Sean also delivered the opening talk of the conference, during which (among other things) he asked a beautiful question: *why does “complexity” or “interestingness” of physical systems seem to increase with time and then hit a maximum and decrease, in contrast to the entropy, which of course increases monotonically?*

My purpose, in this post, is to sketch a possible answer to Sean’s question, drawing on concepts from Kolmogorov complexity. If this answer has been suggested before, I’m sure someone will let me know in the comments section.

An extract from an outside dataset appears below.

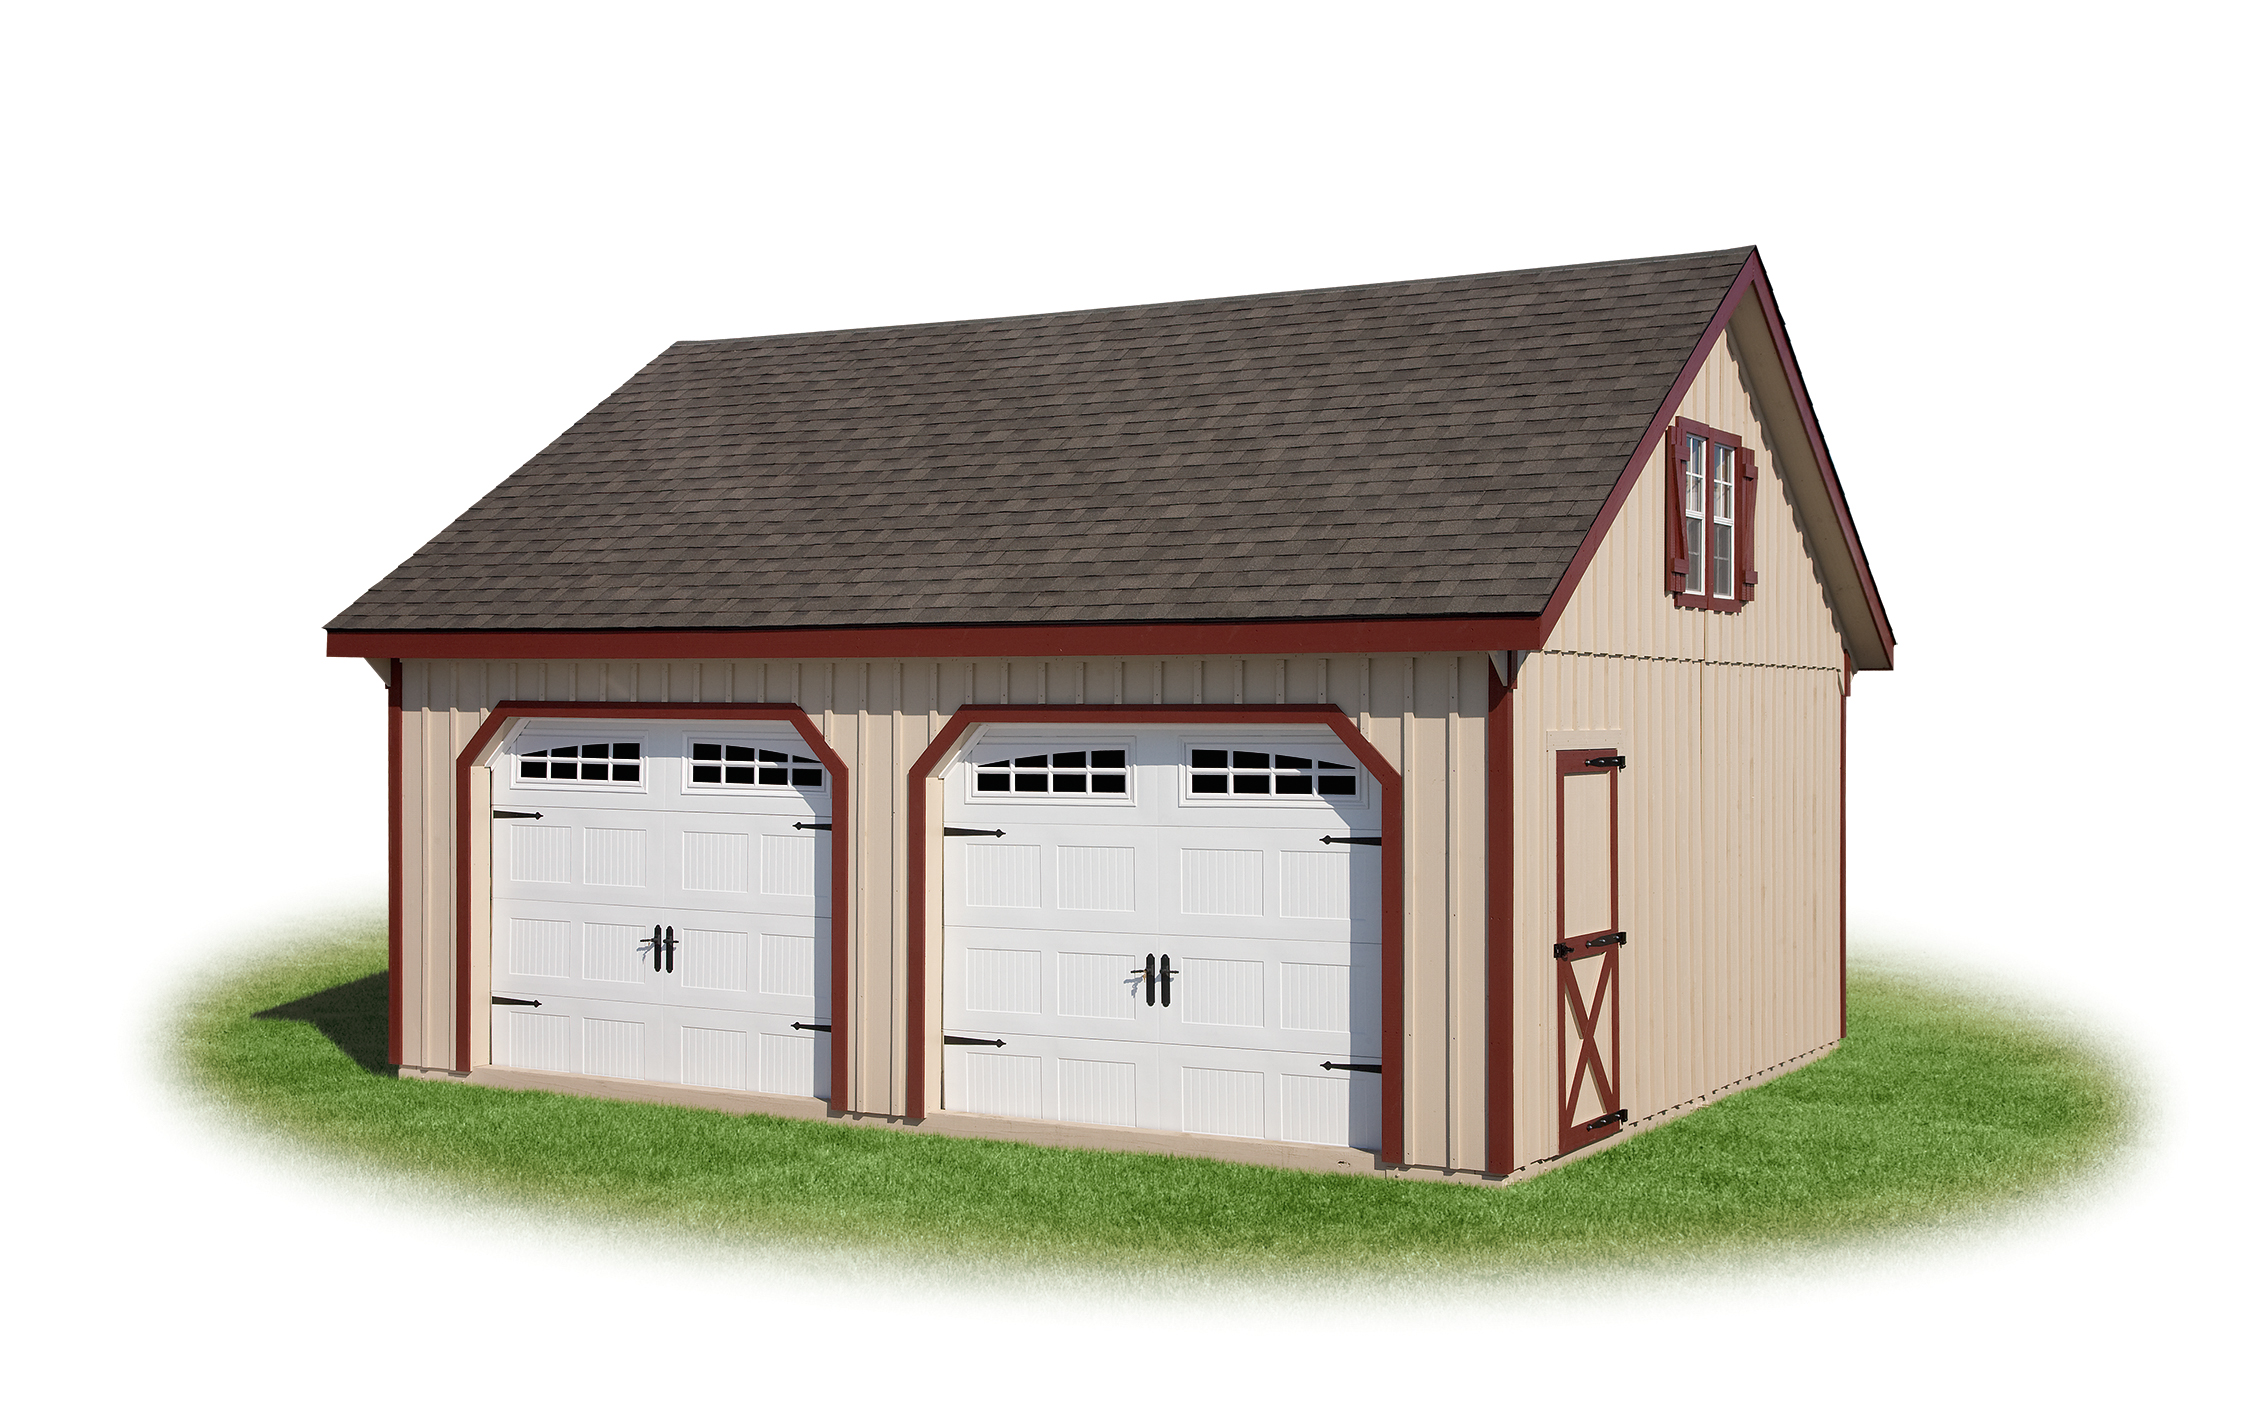 Modular garage full loft 2 for Prefabricated garage with loft

First, some background: we all know the Second Law, which says that the *entropy* of any closed system tends to increase with time until it reaches a maximum value. Here “entropy” is slippery to define—we’ll come back to that later—but somehow measures how “random” or “generic” or “disordered” a system is. As Sean points out in his wonderful book From Eternity to Here, the Second Law is *almost* a tautology: how could a system *not* tend to evolve to more “generic” configurations? if it didn’t, those configurations wouldn’t *be* generic! So the real question is not why the entropy is increasing, but why it was ever low to begin with. In other words, why did the universe’s initial state at the big bang contain so much order for the universe’s subsequent evolution to destroy? I won’t address that celebrated mystery in this post, but will simply take the low entropy of the initial state as given.

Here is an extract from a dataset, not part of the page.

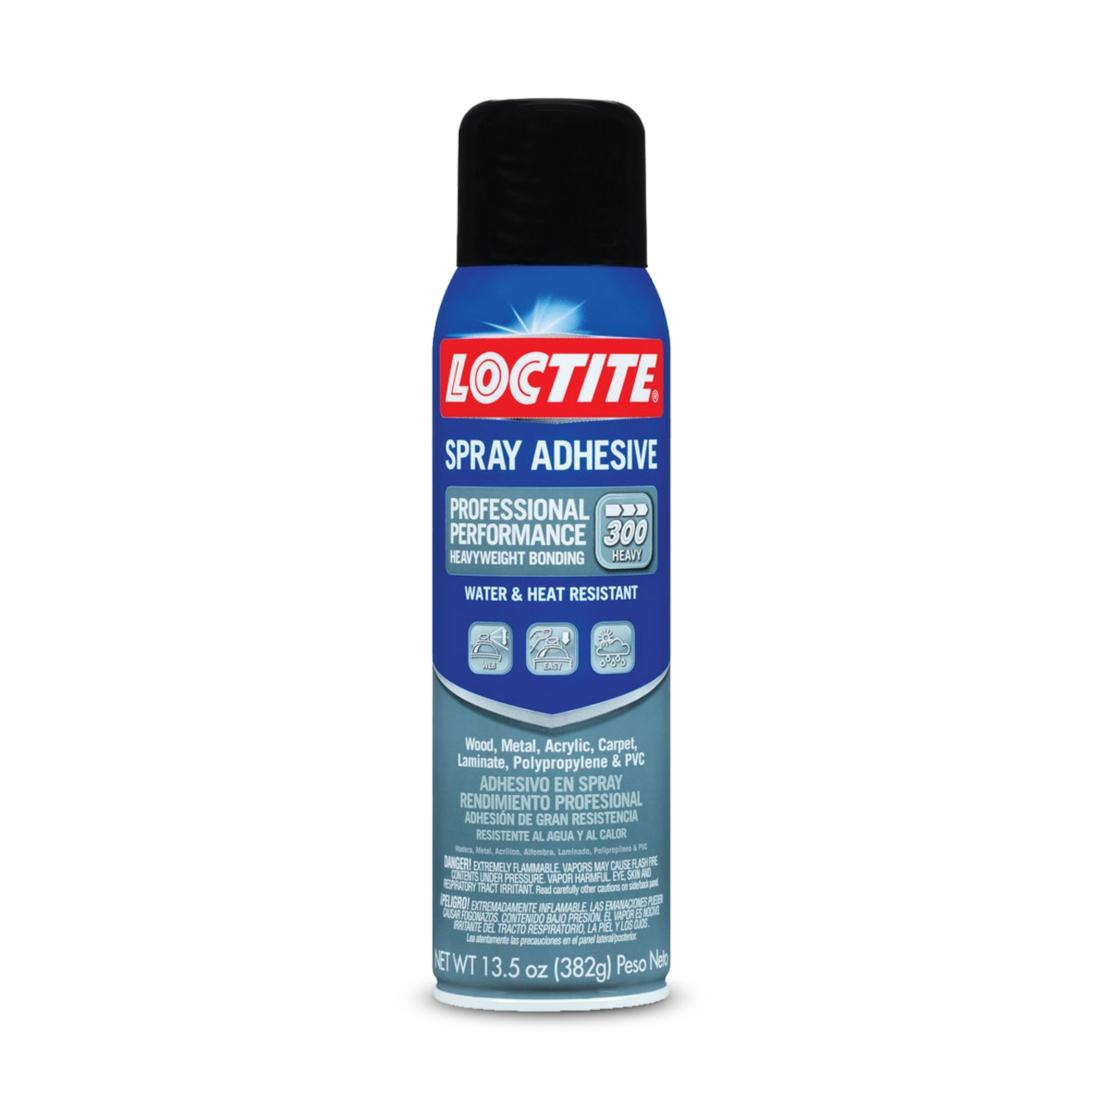 Loctite® Spray Adhesive Professional Performance

The point that interests us is this: even though isolated physical systems get monotonically more entropic, they *don’t* get monotonically more “complicated” or “interesting.” Sean didn’t define what he meant by “complicated” or “interesting” here—indeed, defining those concepts was part of his challenge—but he illustrated what he had in mind with the example of a coffee cup. Shamelessly ripping off his slides:

Entropy increases monotonically from left to right, but intuitively, the “complexity” seems highest in the *middle* picture: the one with all the tendrils of milk. And same is true for the whole universe: shortly after the big bang, the universe was basically just a low-entropy soup of high-energy particles. A googol years from now, after the last black holes have sputtered away in bursts of Hawking radiation, the universe will basically be just a *high*-entropy soup of *low*-energy particles. But today, in between, the universe contains interesting structures such as galaxies and brains and hot-dog-shaped novelty vehicles. We see the pattern:

In answering Sean’s provocative question (whether there’s some “law of complexodynamics” that would explain his graph), it seems to me that the challenge is twofold:

- Come up with a plausible formal definition of “complexity.”
- Prove that the “complexity,” so defined, is large at intermediate times in natural model systems, despite being close to zero at the initial time and close to zero at late times.

To clarify: it’s not hard to explain, at least at a handwaving level, why the complexity should be close to zero at the initial time. It’s because we assumed the *entropy* is close to zero, and entropy plausibly gives an upper bound on complexity. Nor is it hard to explain why the complexity should be close to zero at late times: it’s because the system reaches equilibrium (i.e., something resembling the uniform distribution over all possible states), which we’re essentially *defining* to be simple. At intermediate times, neither of those constraints is operative, and therefore the complexity *could* become large. But *does* it become large? How large? How could we predict? And what kind of “complexity” are we talking about, anyway?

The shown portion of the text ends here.